Assignment:
Without the pictures, can you quote each line below exactly?

Data section:
•••••

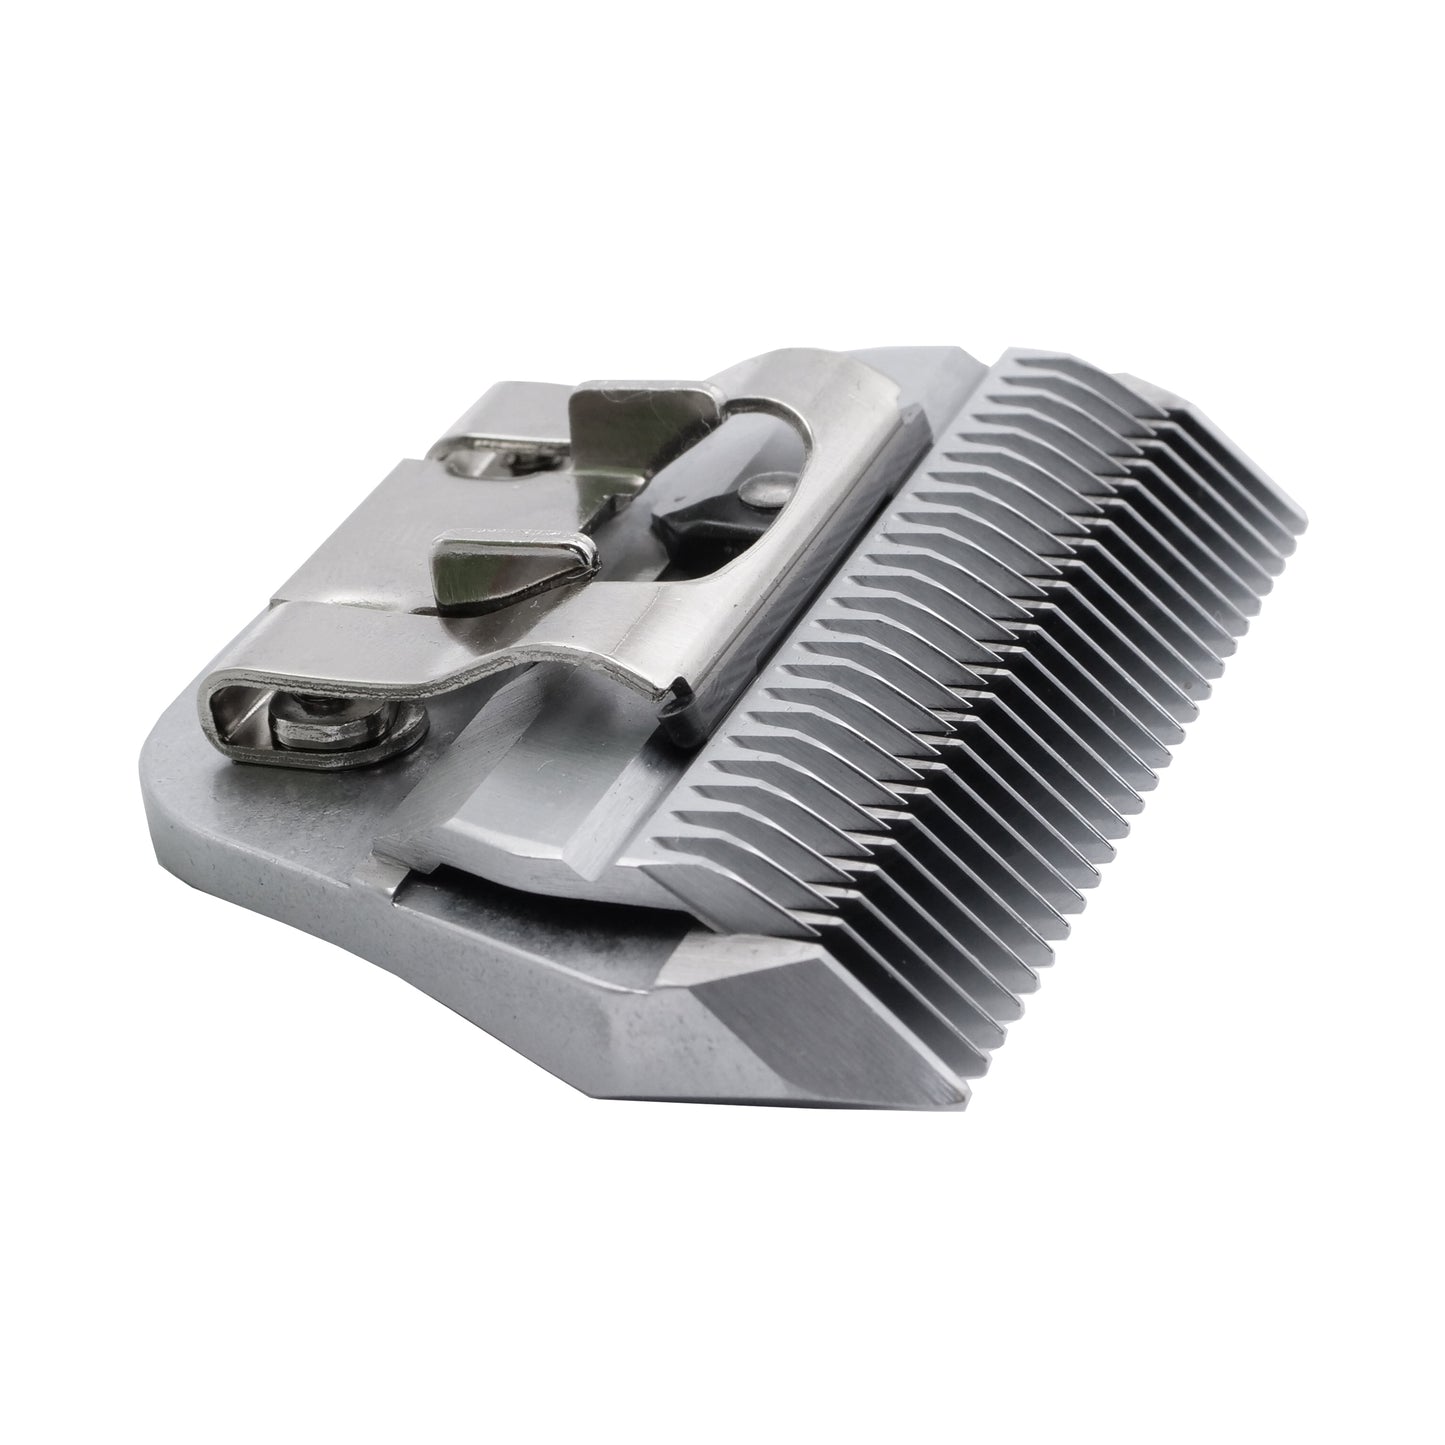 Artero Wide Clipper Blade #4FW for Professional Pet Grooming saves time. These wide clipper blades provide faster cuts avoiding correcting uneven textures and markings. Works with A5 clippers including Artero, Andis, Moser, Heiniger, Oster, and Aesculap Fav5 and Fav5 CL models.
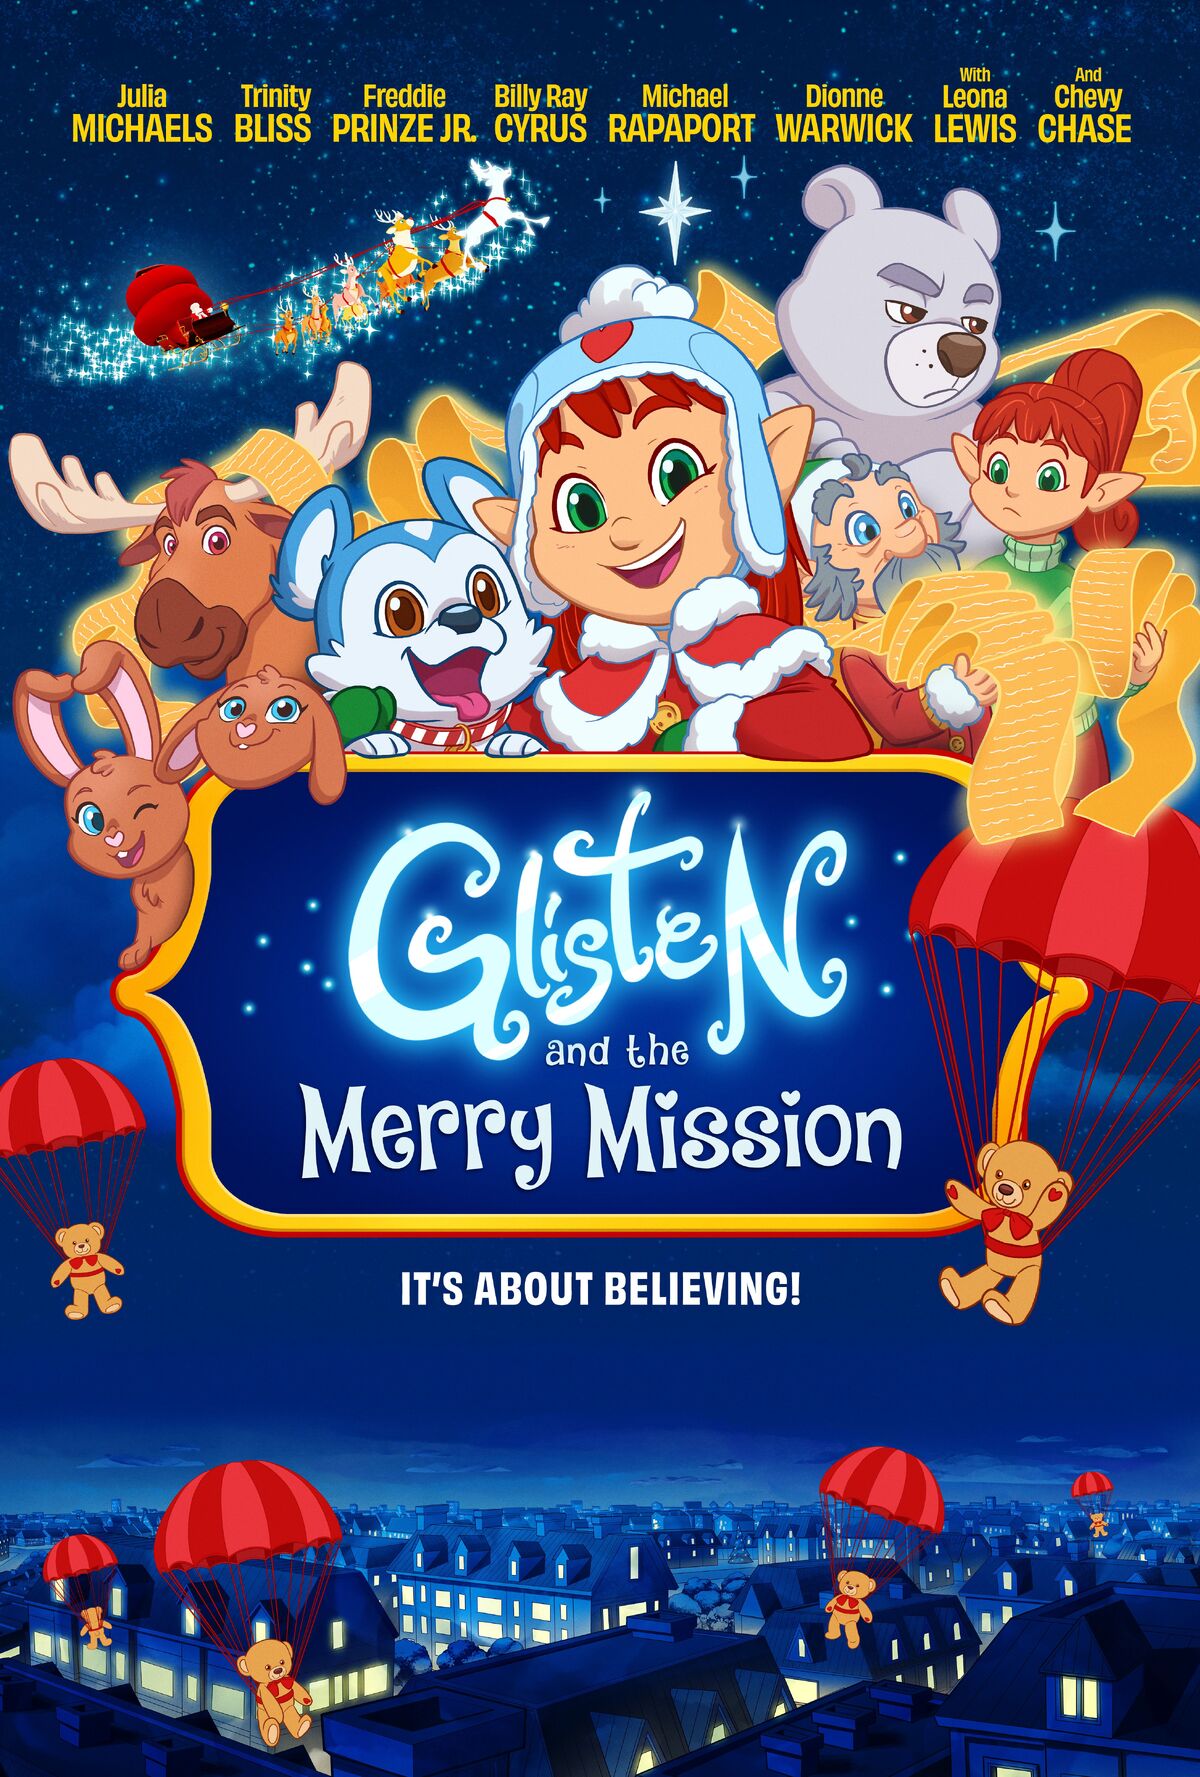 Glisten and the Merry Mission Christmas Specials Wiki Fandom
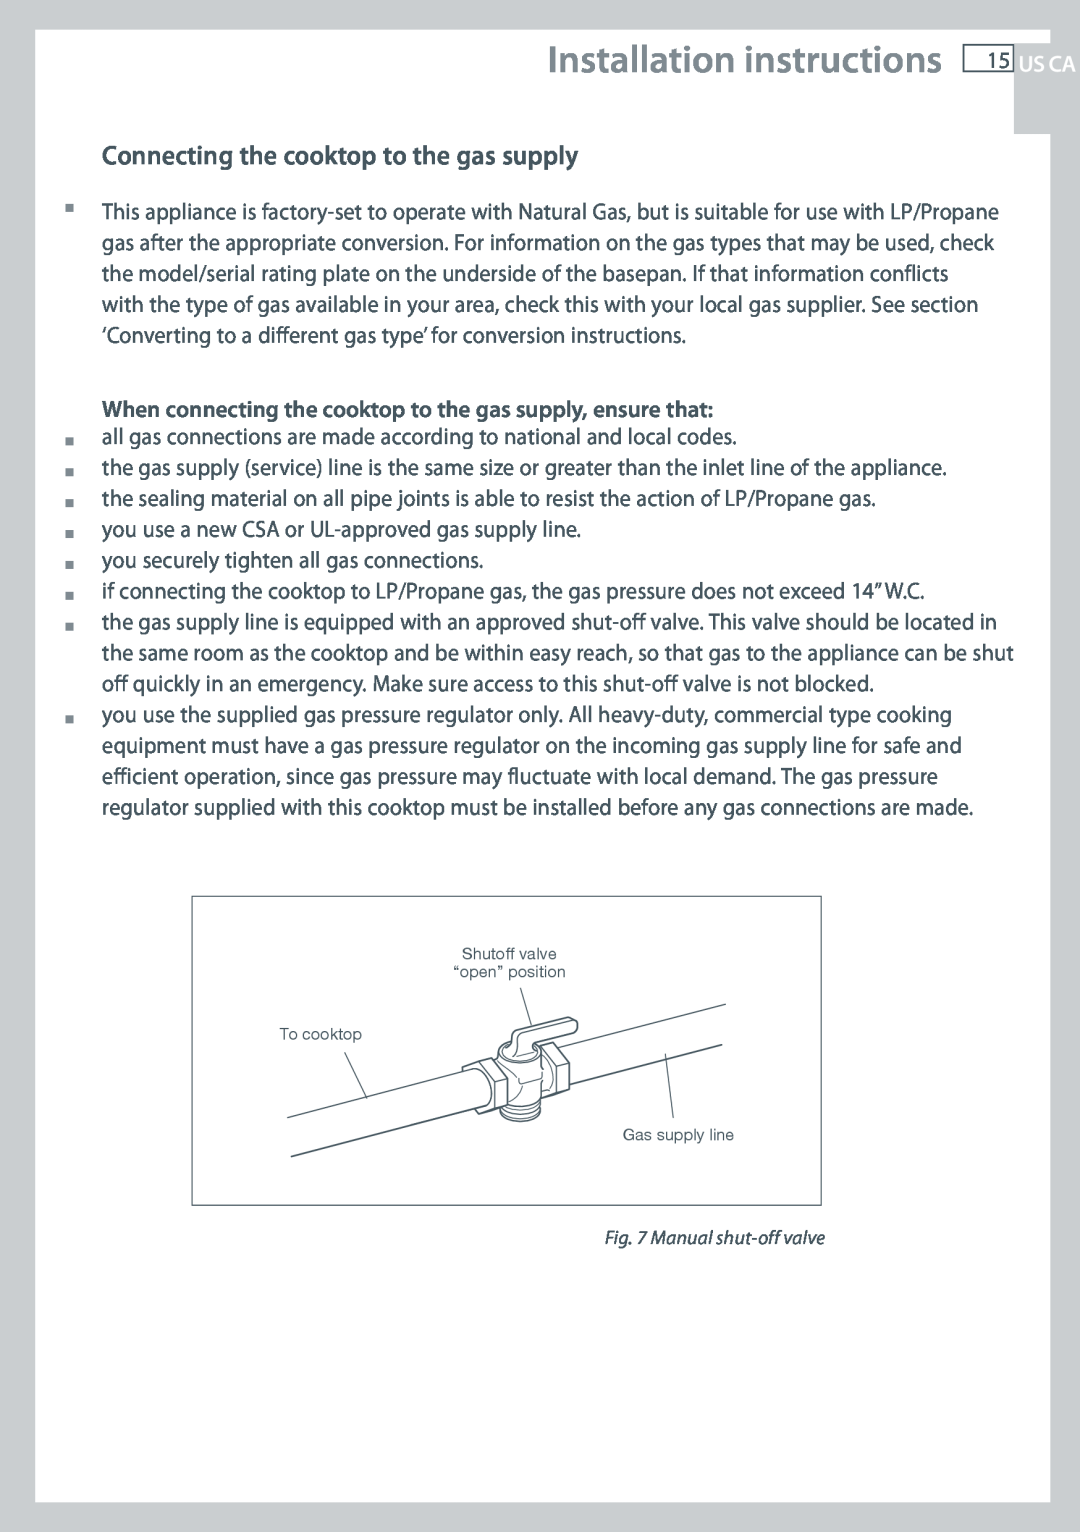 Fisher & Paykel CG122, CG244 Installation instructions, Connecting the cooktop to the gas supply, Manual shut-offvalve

•••••

Answer box:
 Artero Wide Clipper Blade #4FW for Professional Pet Grooming saves time. These wide clipper blades provide faster cuts avoiding correcting uneven textures and markings. Works with A5 clippers including Artero, Andis, Moser, Heiniger, Oster, and Aesculap Fav5 and Fav5 CL models.
 Glisten and the Merry Mission Christmas Specials Wiki Fandom
 Fisher & Paykel CG122, CG244 Installation instructions, Connecting the cooktop to the gas supply, Manual shut-offvalve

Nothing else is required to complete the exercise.